Rabit & Chino Amobi - THE GREAT GAME: FREEDOM FROM MENTAL POISONING (The Purification of The Furies)

Tiny Mix Tapes 80

Rabit & Chino Amobi
The Great Game: Freedom From Mental Poisoning

[Halcyon Veil; 2015]

Rating:


Maybe its a crass comparison, but the necessary aggression emanating from NON, an aggression now also being funneled into Rabit’s newly minted Halcyon Veil imprint, is similar to the harsh austerity that aims to minimize spending and encourage increased frugality in the financial sector. Their aesthetic austerity serves as an indictment for the state of cultural oversupply, the rampant and often grotesque artistic deflation that has occurred through the freely absentminded use of software platforms by the masses. NON, particularly Chino Amobi, has long been incredibly adept at hovering drone-like over the mayhem and ruins of culture; he has consistently offered incisive, brutal commentary that operates as a gesture coded between a high-five and a stab-in-the gut to culture at large. His oppositional violence encircles culture in the manner of an alpha-wolf — directing by example and by fear, to the point where THE GREAT GAME’s leading quote remarks: “There is a fine line between Piteous Gate and The Great Game,” to unknown affect.

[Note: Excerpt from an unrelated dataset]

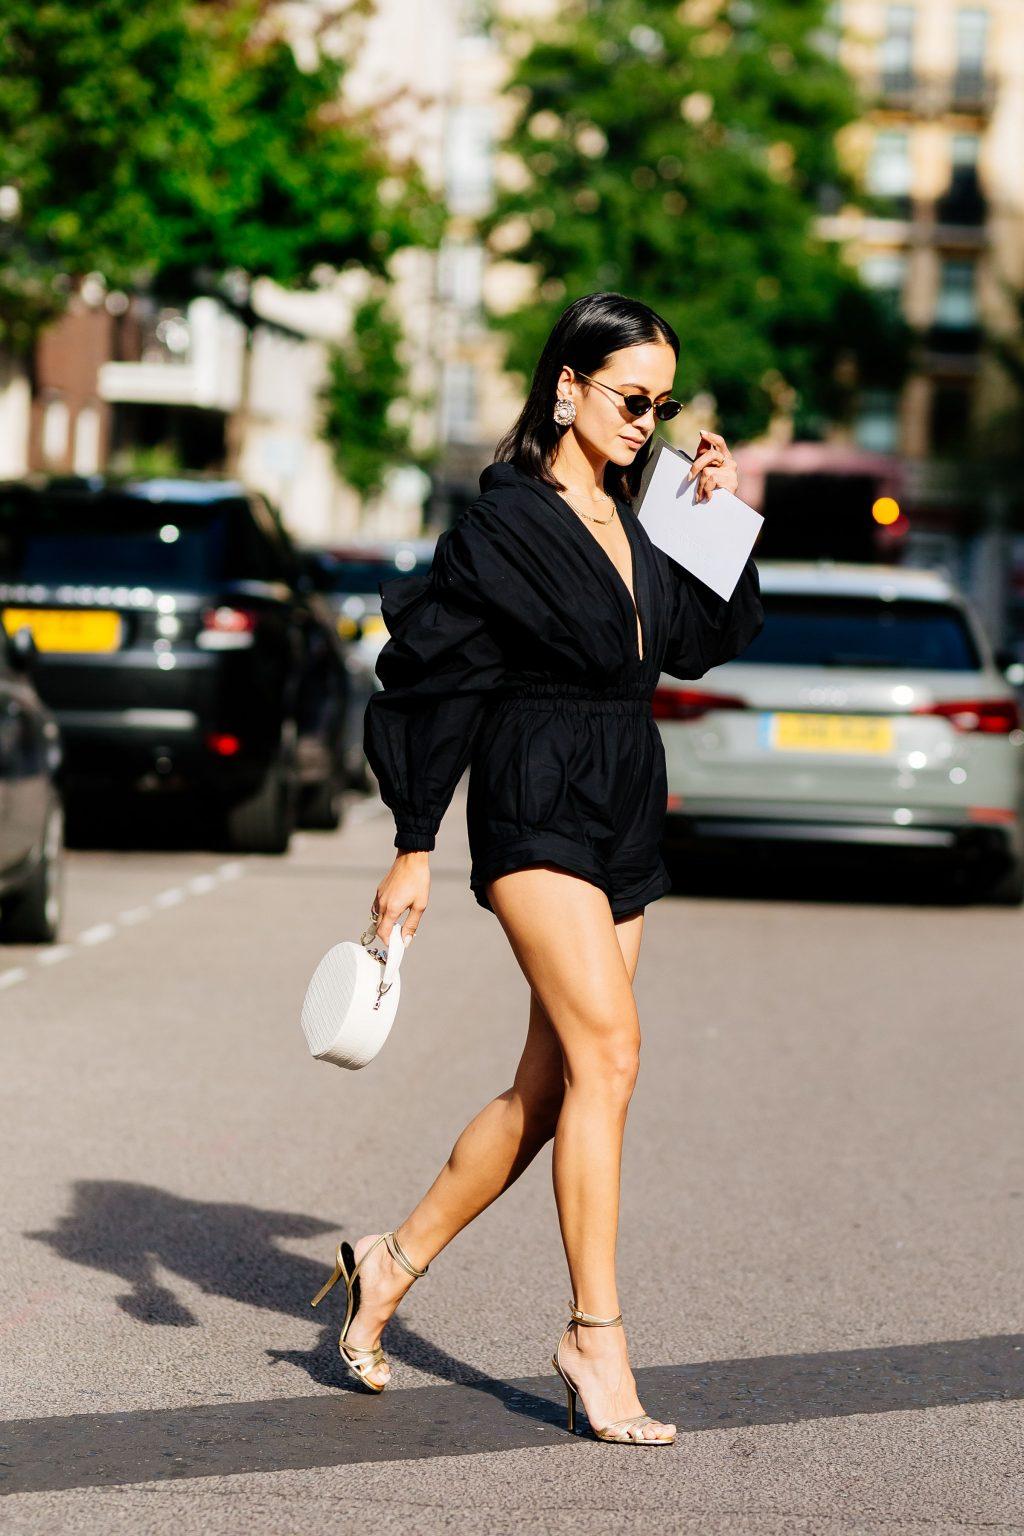 xu hướng thời trang đường phố jumpsuit tay phồng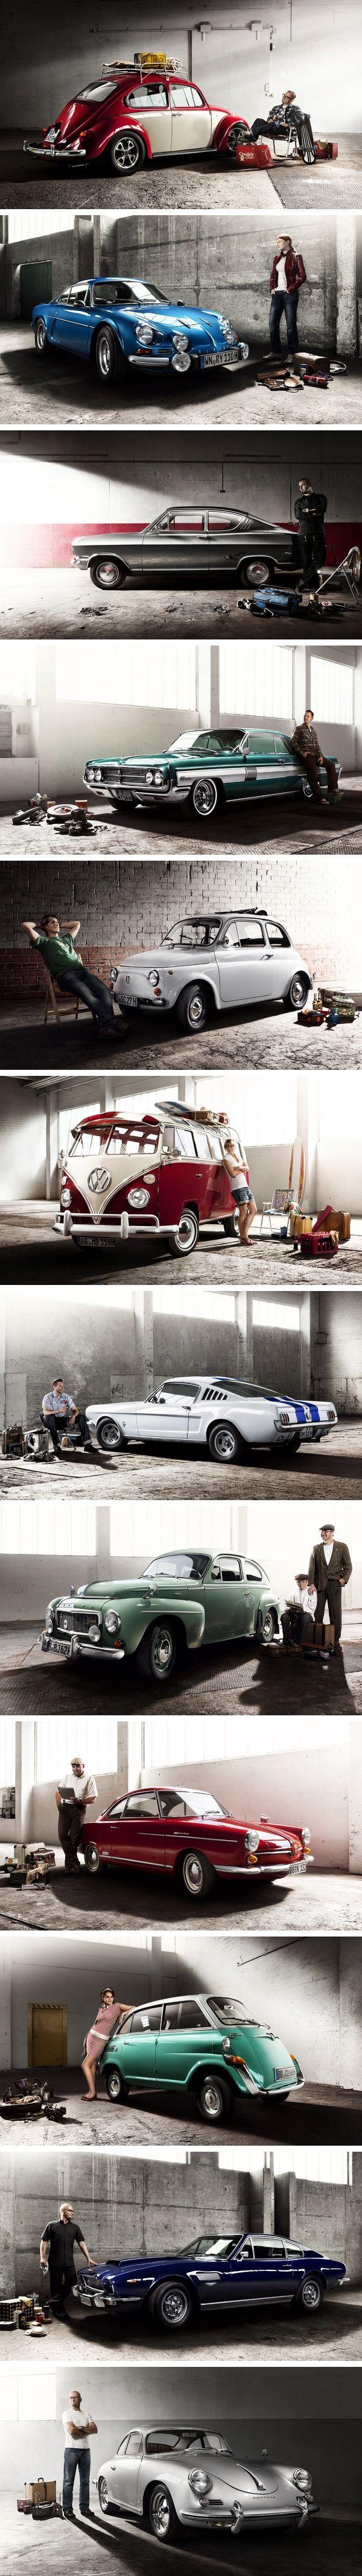 123 best Cars - Vintage images on Pinterest | Chevy pickups, Vintage ...

The reference itself is compelling, offering a political side-chain to a quote on M.E.S.H.’s Piteous Gate: “There’s a fine line between confidence and arrogance.” The way in which the oblique reference functions is unclear. Regardless, it’s the political orientation that’s essential, one that seems to be organizing the critically engaged, musical powers that be to not only build personal visions of future through music, but to rip apart the symbology that’s been flying around electronic music this year in an effort to “purify” the mental poisoning that can occur through culture-consumption. As such, my initial visceral reaction to the mix was: game over.

And that’s exactly the kind of commentary Rabit and Amobi are offering: an extended critique of “The Game” as it exists as a binary institution of musical bureaucracy, a structure that distributes, arbitrarily and infinitely, positions of power to the players who arrange their little pieces in the right formation at the right time. Of course, the two are optimizing their oppositional tactics within the state of aesthetics, enough so that Halcyon Veil hired Kyselina, one of the best 3D artists in “The Great Game,” to design their visual presence as a gorgeously grotesque Decepticon-style icon. All of this organizes a phalanx to push through the rampant dominance that occurs at the level of signification; THE GREAT GAME devastatingly pours gasoline on the whole of culture, urging that there shouldn’t be any wasted labor regarding the world’s thoughtful electronic music. The capitalization that occurs at the level of energy drink sponsorships (from QT to Red Bull) and “game-winning” relational aesthetics inevitably flows into capitalized features, interviews, and panel-discussions, into the very structures that position the disruptive potential of music into new rock stars who ultimately just help us forget our problems. But Rabit, Amobi, and NON are underground, and this is what happens when the underground pays enough attention to the culture of alienation and structural oppression that occurs through the glorification of symbology, a symbology manifesting itself translucently across the vapid SoundCloud network and into the hearts and minds of impressionable “game players.”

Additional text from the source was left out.